Wang Ziqiang, Sun Xia, Sun Lijun, Huang Yuchun
School of Information Science and Engineering, Henan University of Technology, Zhengzhou 450001, China.
ScientificWorldJournal. 2014 Mar 9;2014:924090. doi: 10.1155/2014/924090. eCollection 2014.
In many image classification applications, it is common to extract multiple visual features from different views to describe an image. Since different visual features have their own specific statistical properties and discriminative powers for image classification, the conventional solution for multiple view data is to concatenate these feature vectors as a new feature vector. However, this simple concatenation strategy not only ignores the complementary nature of different views, but also ends up with "curse of dimensionality." To address this problem, we propose a novel multiview subspace learning algorithm in this paper, named multiview discriminative geometry preserving projection (MDGPP) for feature extraction and classification. MDGPP can not only preserve the intraclass geometry and interclass discrimination information under a single view, but also explore the complementary property of different views to obtain a low-dimensional optimal consensus embedding by using an alternating-optimization-based iterative algorithm. Experimental results on face recognition and facial expression recognition demonstrate the effectiveness of the proposed algorithm.

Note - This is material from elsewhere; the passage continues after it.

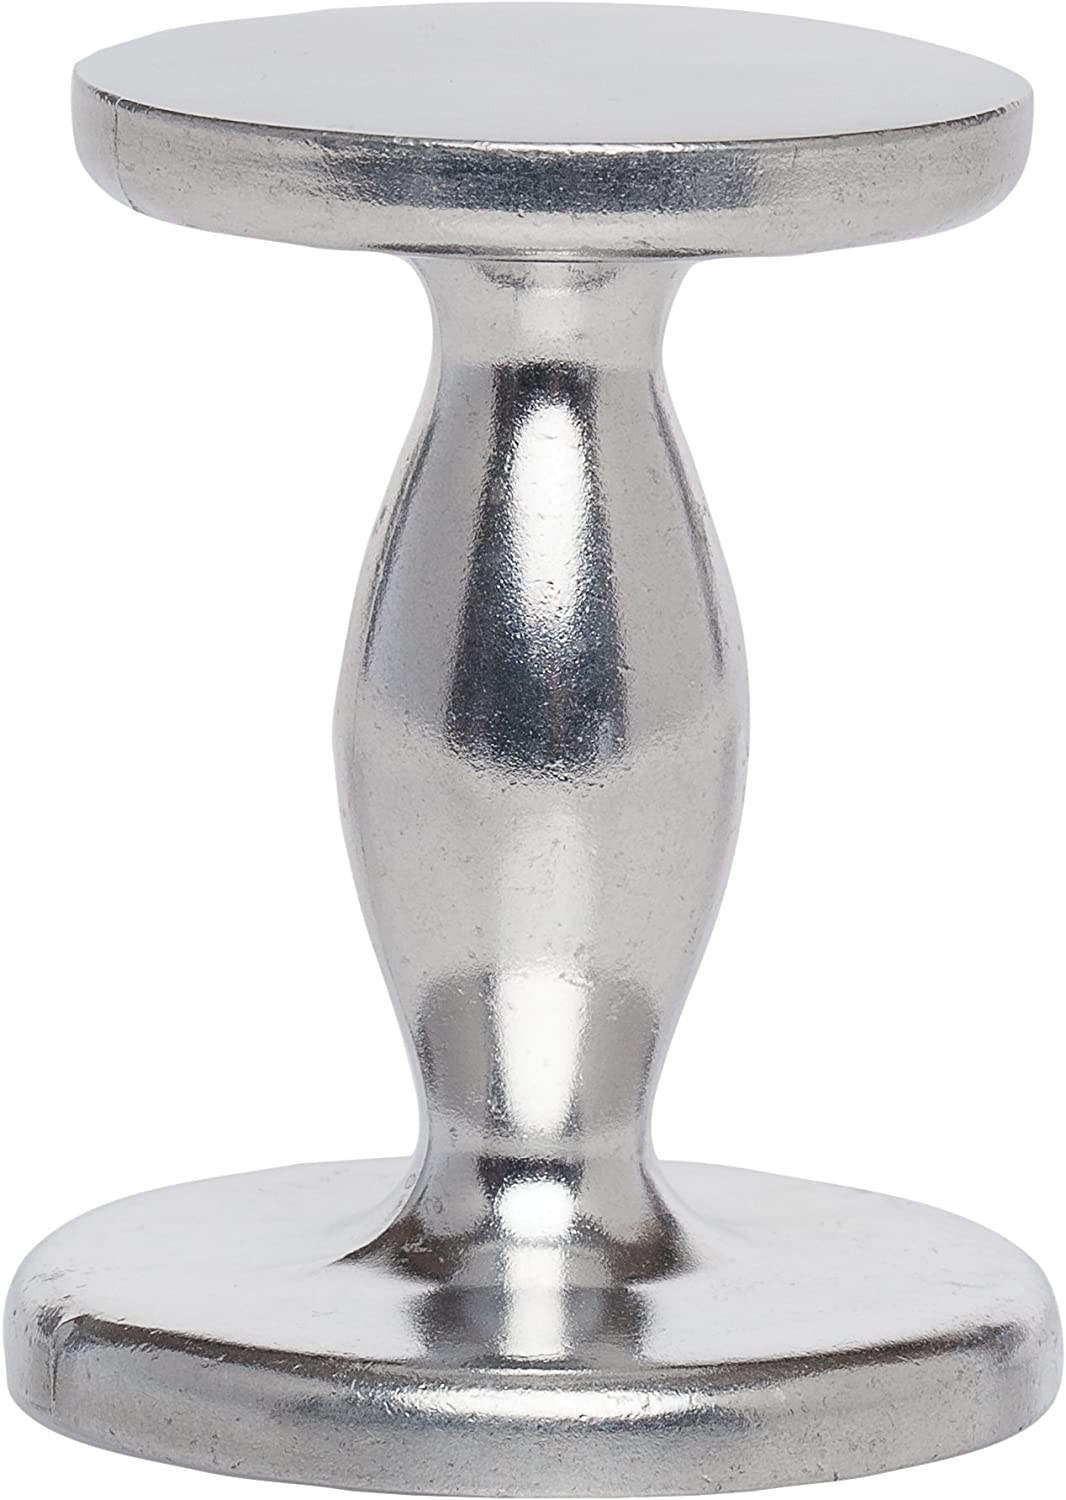 Fino Dual-Sided Espresso Tamper, 4-Ounce Weight, 50-Millimeter and 55-Millimeter, Heavyweight Aluminum Import To Shop ×Product

在许多图像分类应用中,从不同视角提取多个视觉特征来描述一幅图像是很常见的。由于不同的视觉特征对于图像分类具有各自特定的统计特性和判别能力,处理多视角数据的传统方法是将这些特征向量连接成一个新的特征向量。然而,这种简单的连接策略不仅忽略了不同视角的互补性,还会导致“维数灾难”。为了解决这个问题,我们在本文中提出了一种新颖的多视角子空间学习算法,称为多视角判别几何保持投影(MDGPP),用于特征提取和分类。MDGPP不仅可以在单个视角下保持类内几何结构和类间判别信息,还可以通过基于交替优化的迭代算法探索不同视角的互补特性,以获得低维最优一致嵌入。人脸识别和面部表情识别的实验结果证明了该算法的有效性。